Metadata Types
Metadata is one of the cornerstones in Hop and can be defined as workflows, pipelines and any other type of metadata objects.
Hop Gui has a Metadata Perspective to manage all types of metadata: run configurations, database (relational and NoSQL) connections, logging, and pipeline probes just to name a few.
Metadata is typically stored as json files in a projects' metadata folder as a set of json files, in subfolders per metadata type. The only exception to the rule are workflows and pipelines, which are defined as XML (for now, because of historical reasons). Since workflows and pipelines are what Hop is all about, these are typically stored in your project folder, not in your project’s metadata folder.

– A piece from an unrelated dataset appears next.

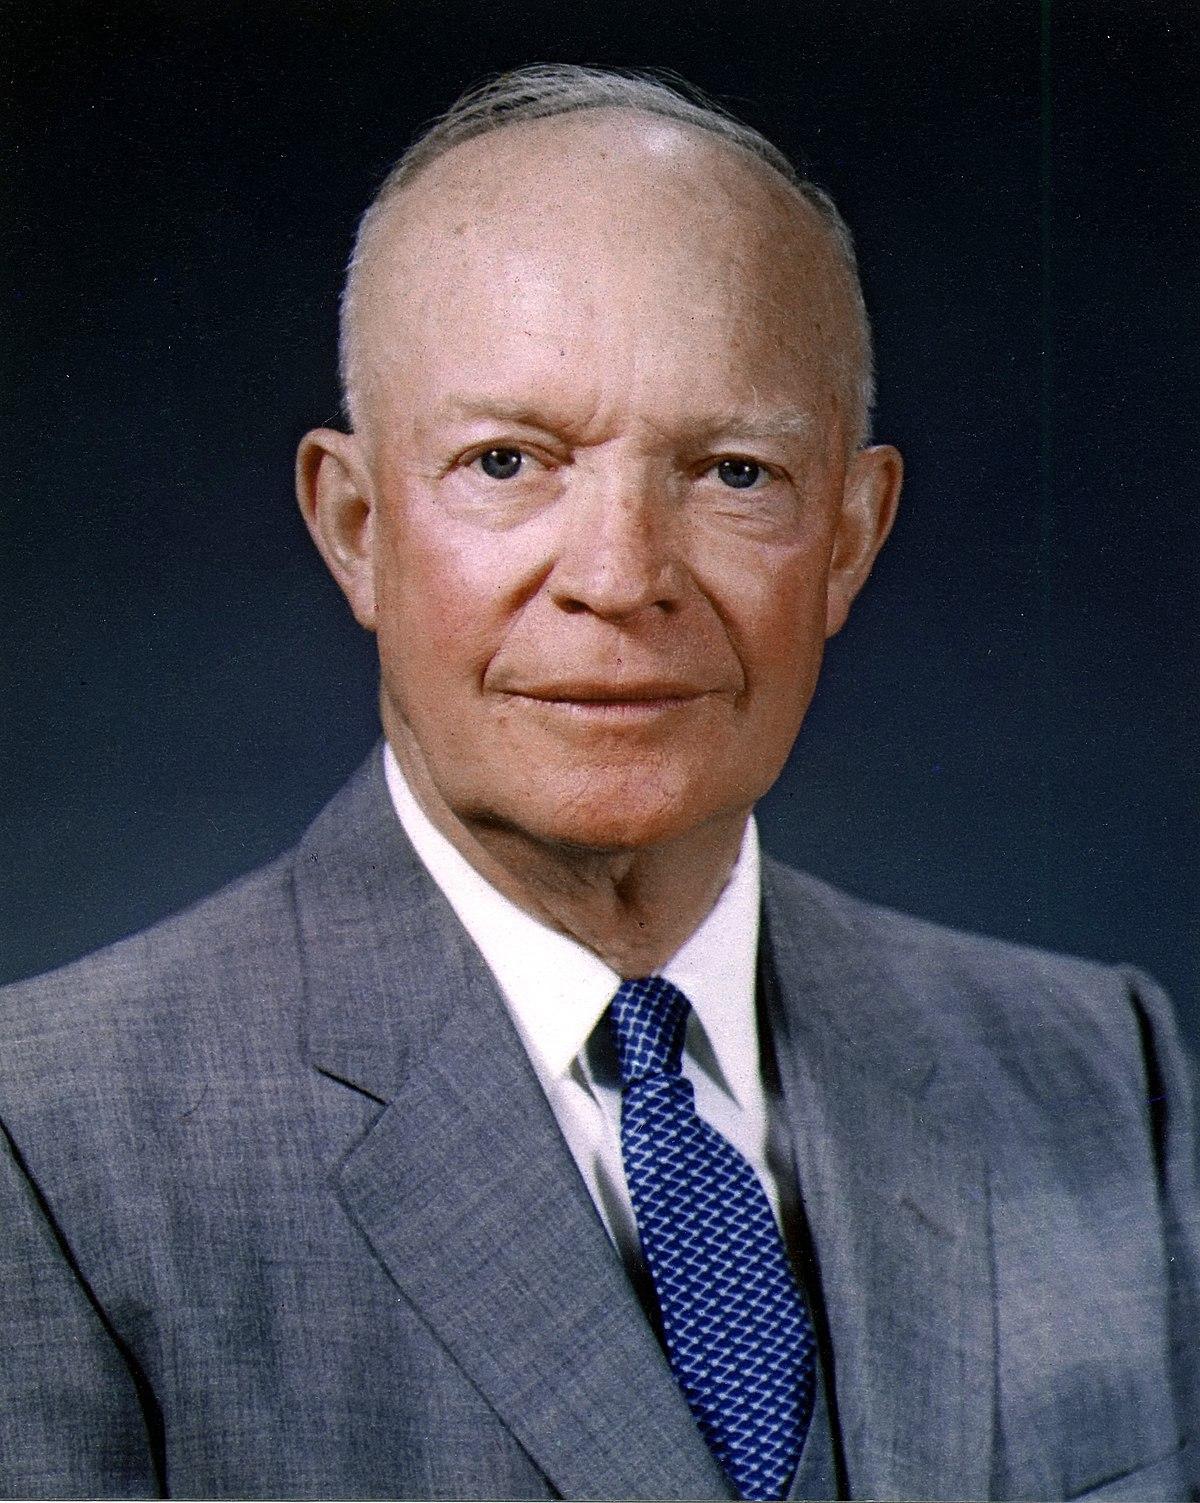 [Eisenhower]

We’ve made it as easy as possible to add or remove plugins in Hop. Since metadata types are plugin types too, the available metadata types in your Hop installation may not match this list entirely. |
By default, Hop contains the following metadata types:
-
Asynchronous Web Service: Execute and query a workflow asynchronously through a web service.
-
Beam File Definition: Describes a file layout in a Beam Pipeline
-
Cassandra Connection: Describes a connection to a Cassandra cluster
-
Data Set: This defines a data set, a static pre-defined collection of rows
-
Hop Server: Defines a Hop Server
-
MongoDB Connection: Describes a MongoDB connection
-
Neo4j Connection: A shared connection to a Neo4j server
-
Neo4j Graph Model: Description of the nodes, relationships, indexes, … of a Neo4j graph
-
Partition Schema: Describes a partition schema
-
Pipeline Log: Allows to log the activity of a pipeline with another pipeline
-
Pipeline Probe: Allows to stream output rows of a pipeline to another pipeline
-
Pipeline Run Configuration: Describes how and with which engine a pipeline is to be executed
-
Pipeline Unit Test: Describes a test for a pipeline with alternative data sets as input from a certain transform and testing output against golden data
-
Relational Database Connection: Describes all the metadata needed to connect to a relational database
-
Splunk Connection: Describes a Splunk connection
-
Web Service: Allows to run a pipeline to generate output for a servlet on Hop Server
-
Workflow Log: Allows to log the activity of a workflow with a pipeline
-
Workflow Run Configuration: Describes how to run a workflow